→ **DATASET SECTION**:
════════════════
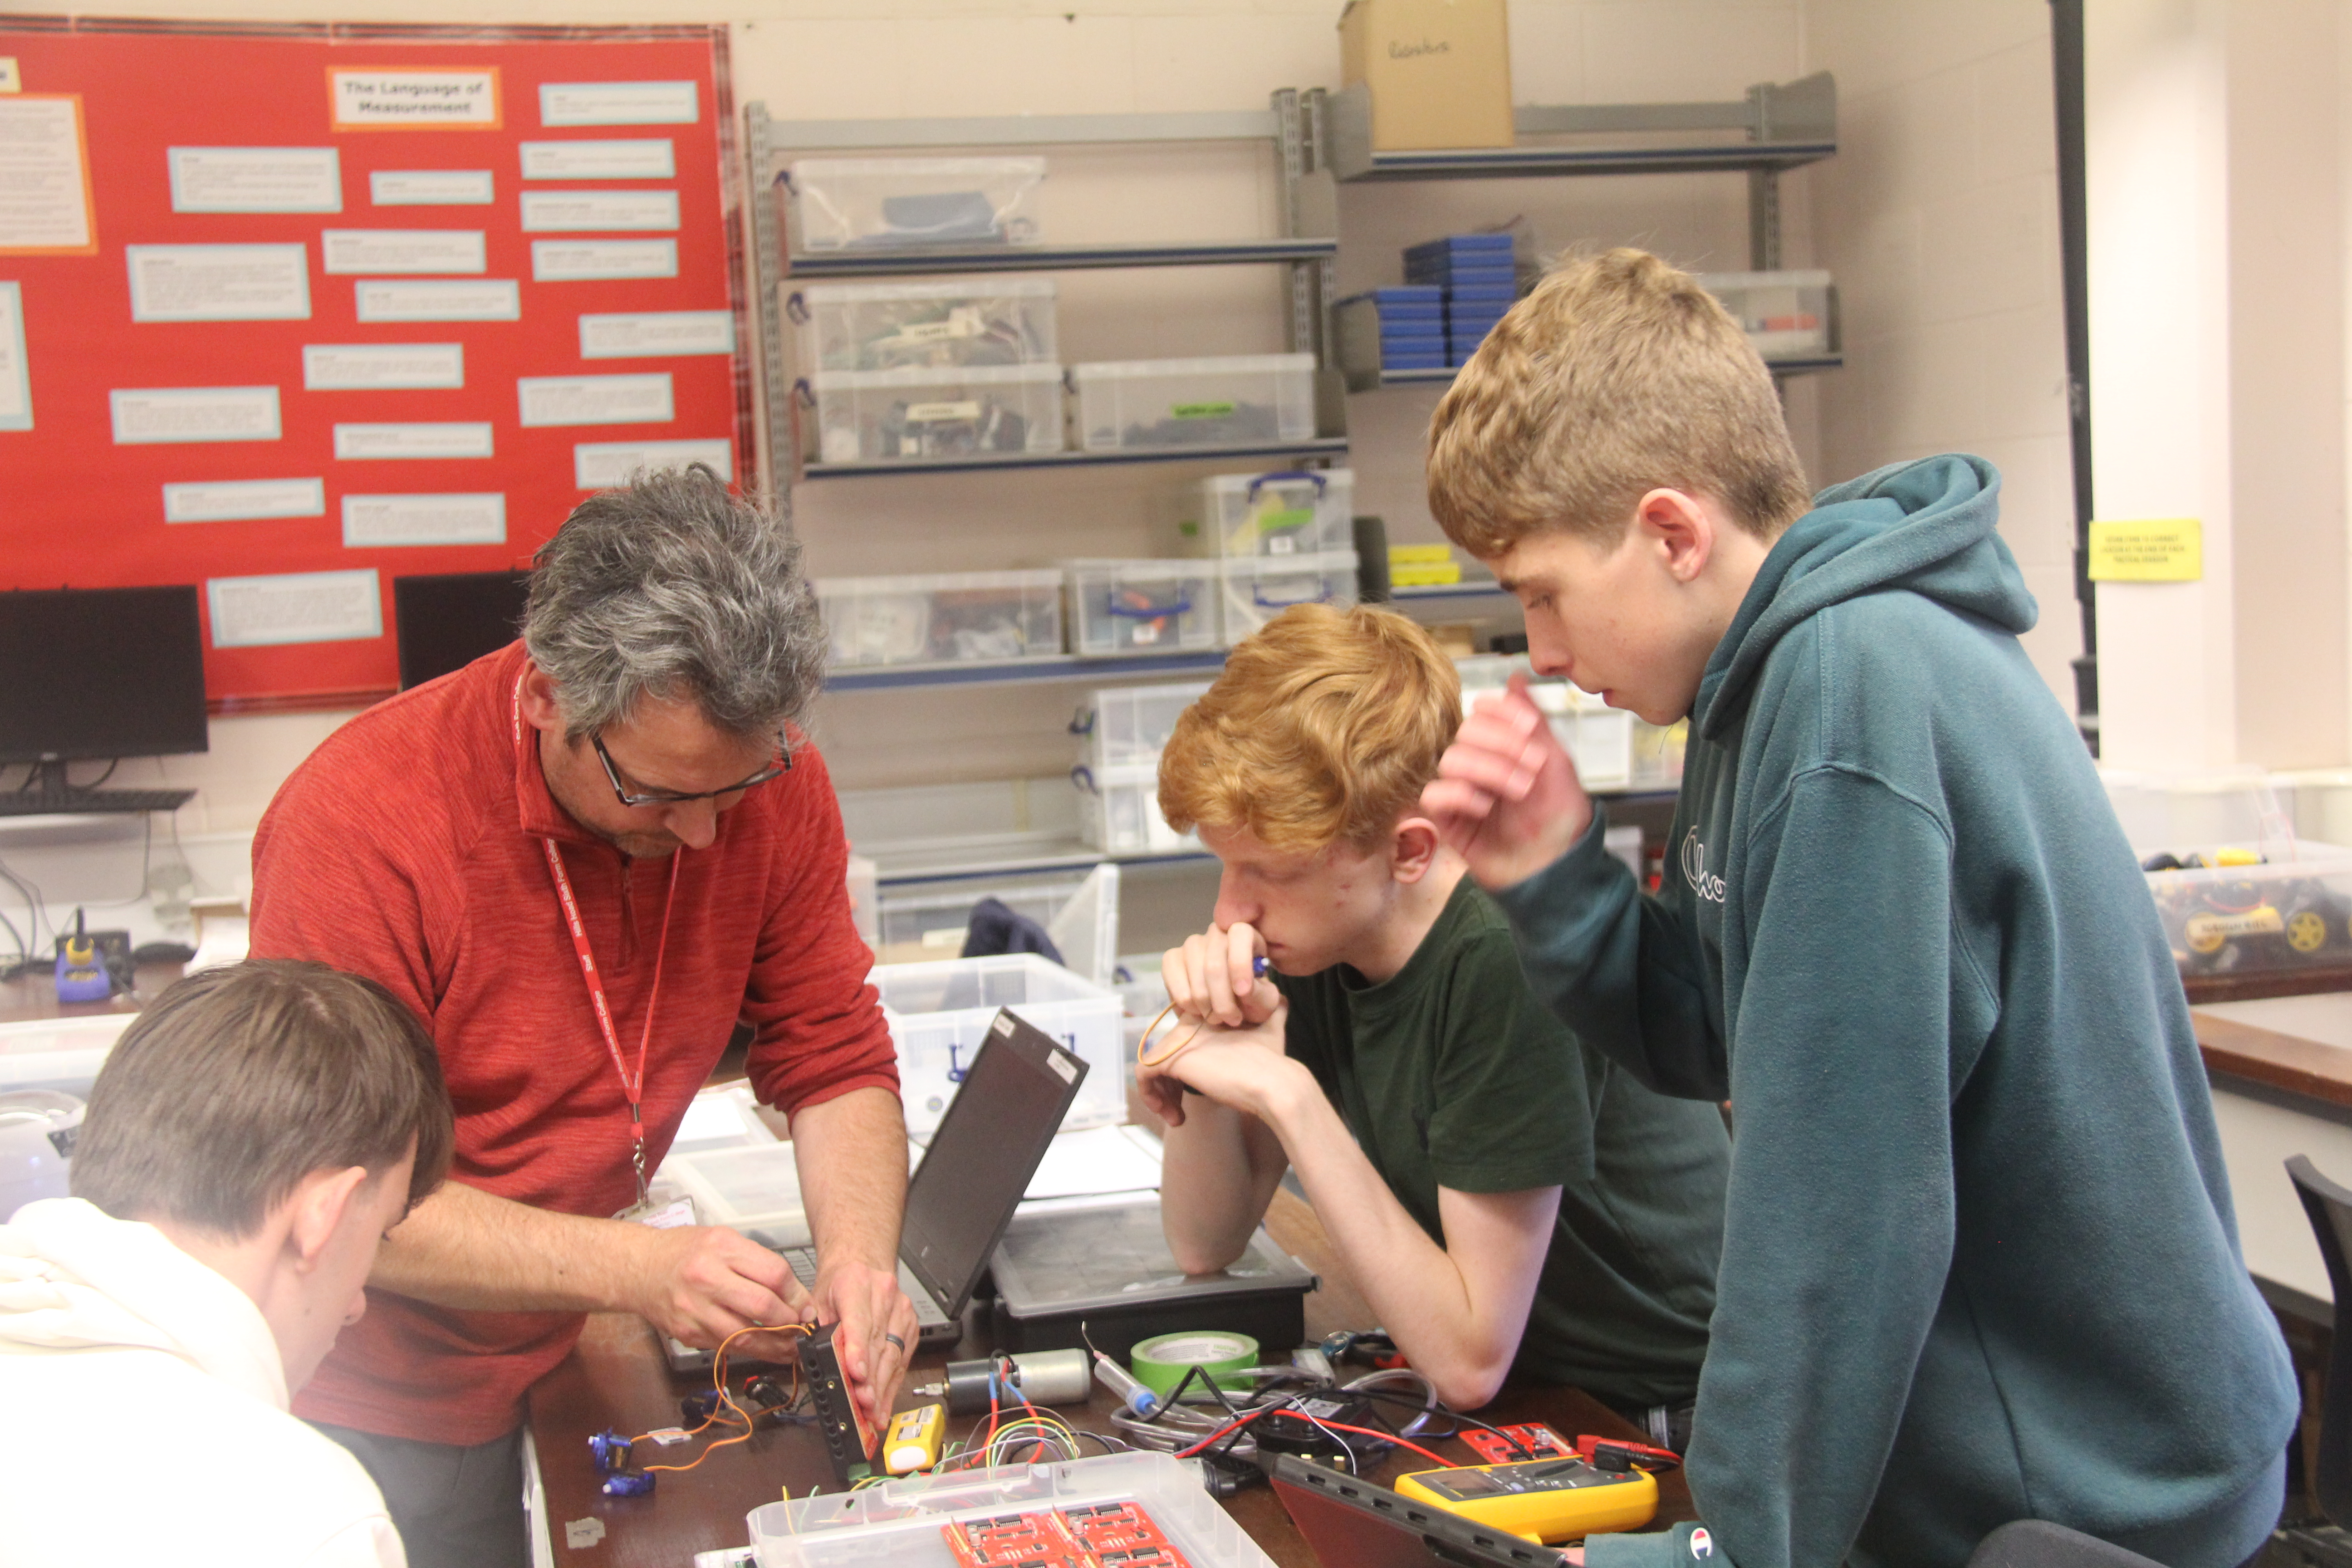 Soldering and problem solving group
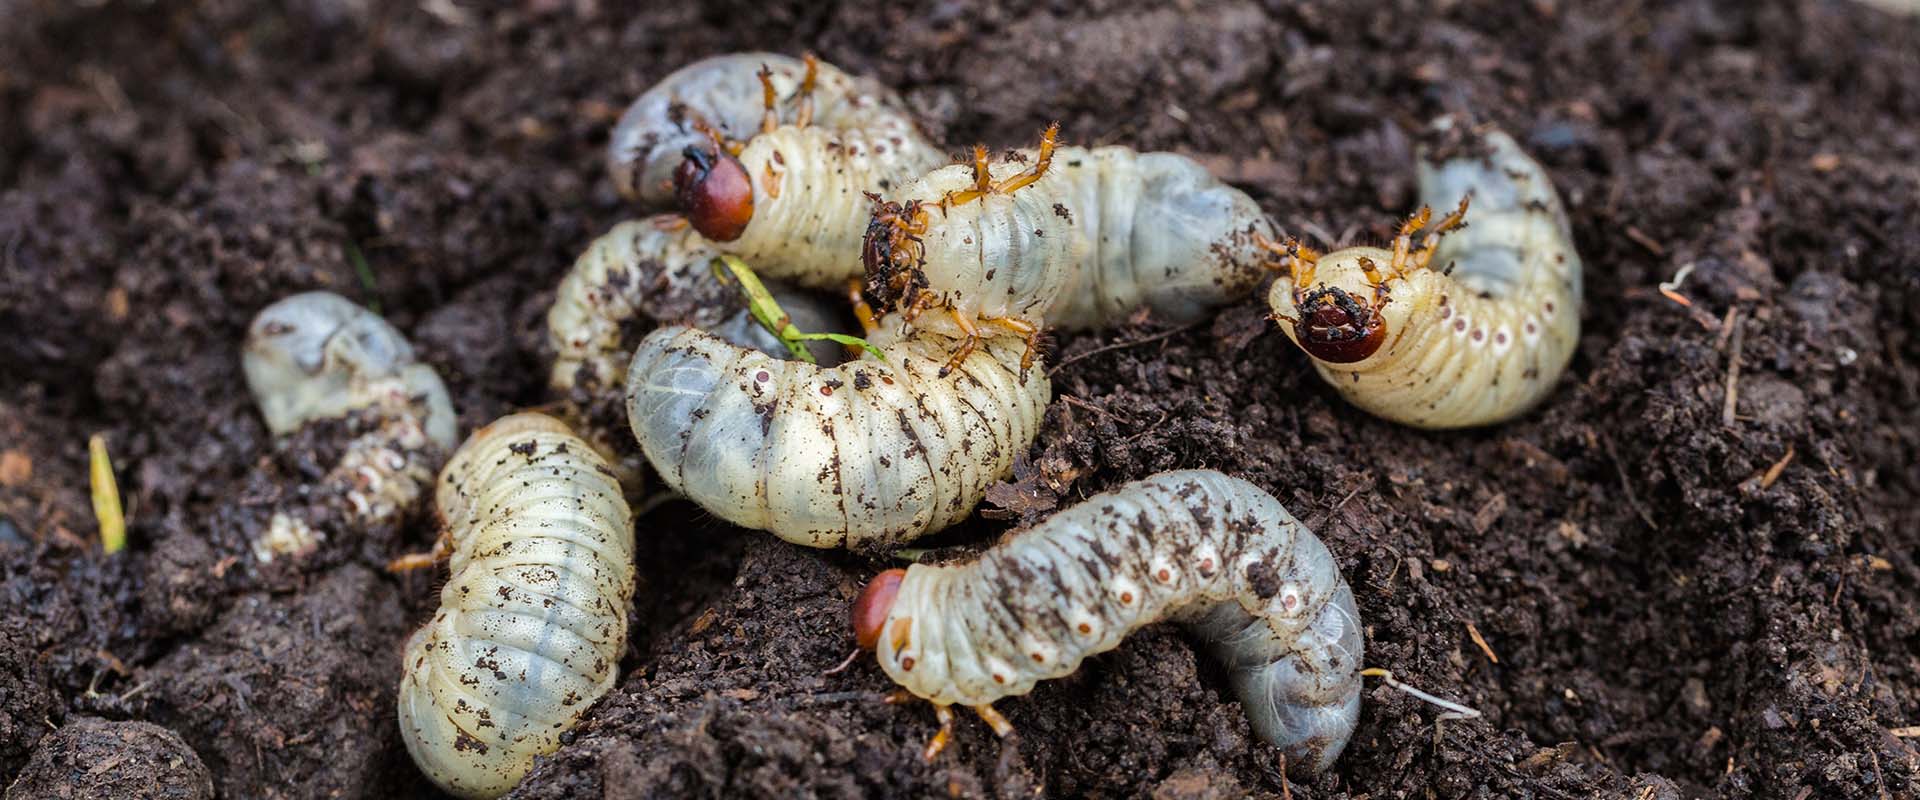 How to treat grubs in your lawn
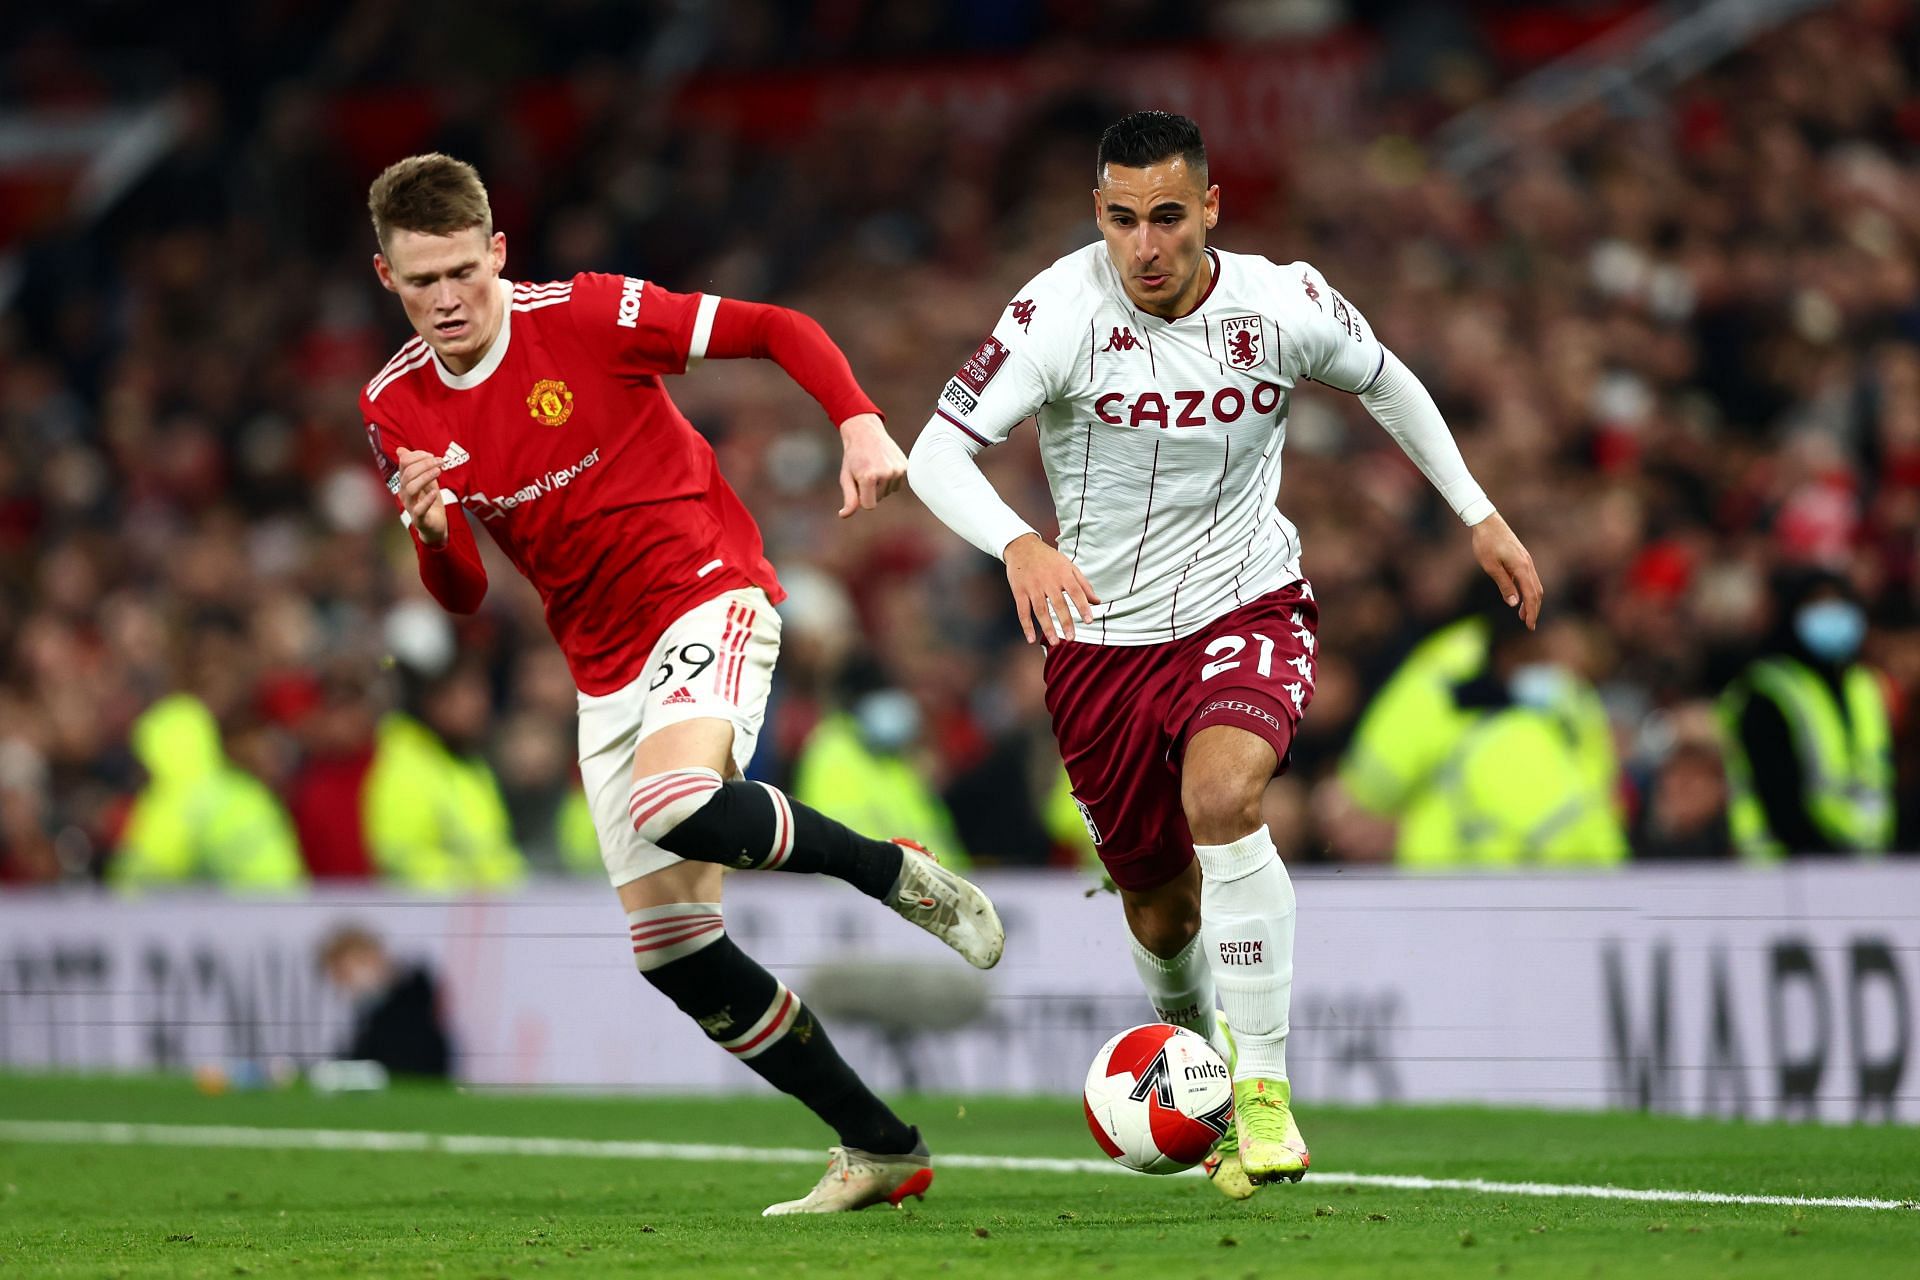 Scott McTominay (L) scored the only goal of the Manchester United v Aston Villa: The Emirates FA Cup Third Round game
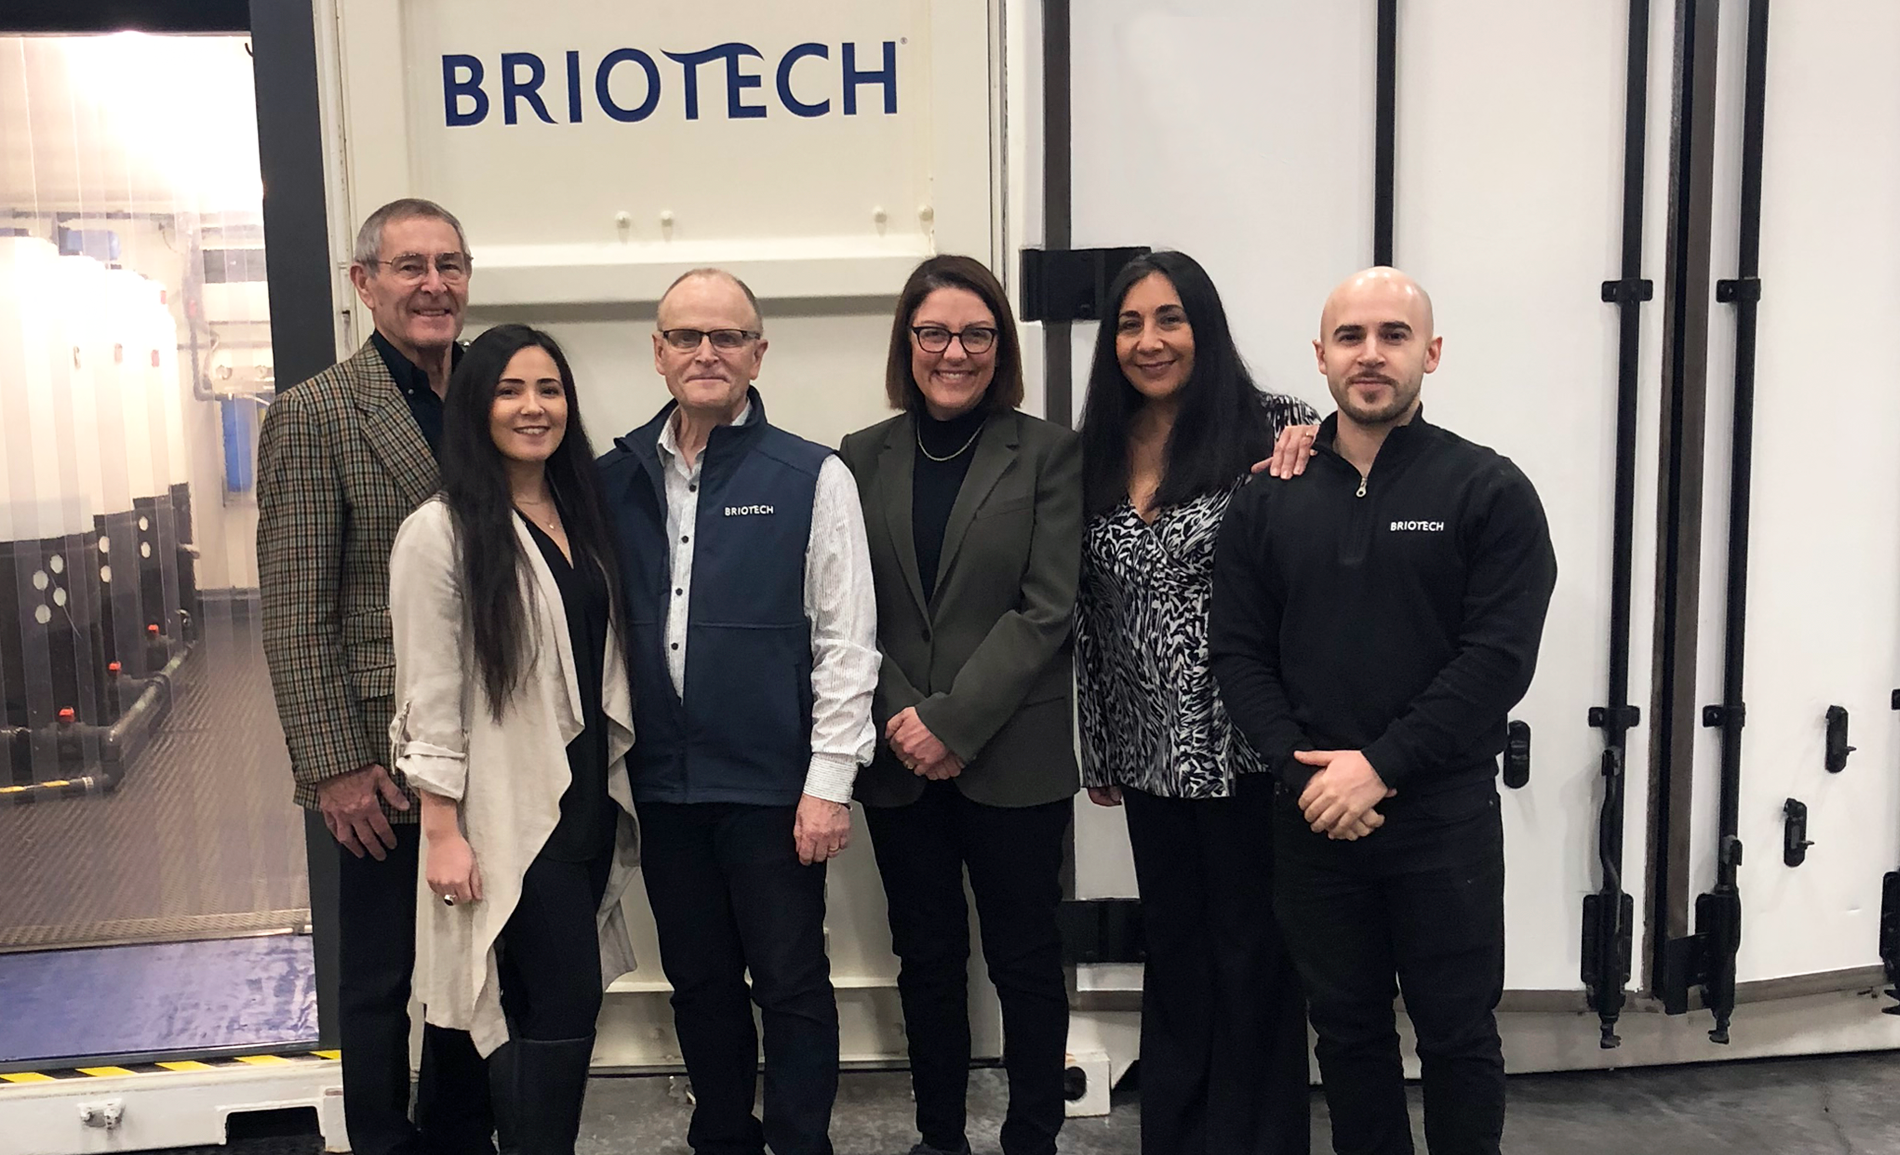 A Tour and Talk at Briotech with Congresswoman Suzan DelBene
════════════════
→ **ABOUT THIS TASK**: The pictures are not wanted, but every line of the listing should be duplicated exactly.

→ **RESPONSE TO THIS TASK**:
 Soldering and problem solving group
 How to treat grubs in your lawn
 Scott McTominay (L) scored the only goal of the Manchester United v Aston Villa: The Emirates FA Cup Third Round game
 A Tour and Talk at Briotech with Congresswoman Suzan DelBene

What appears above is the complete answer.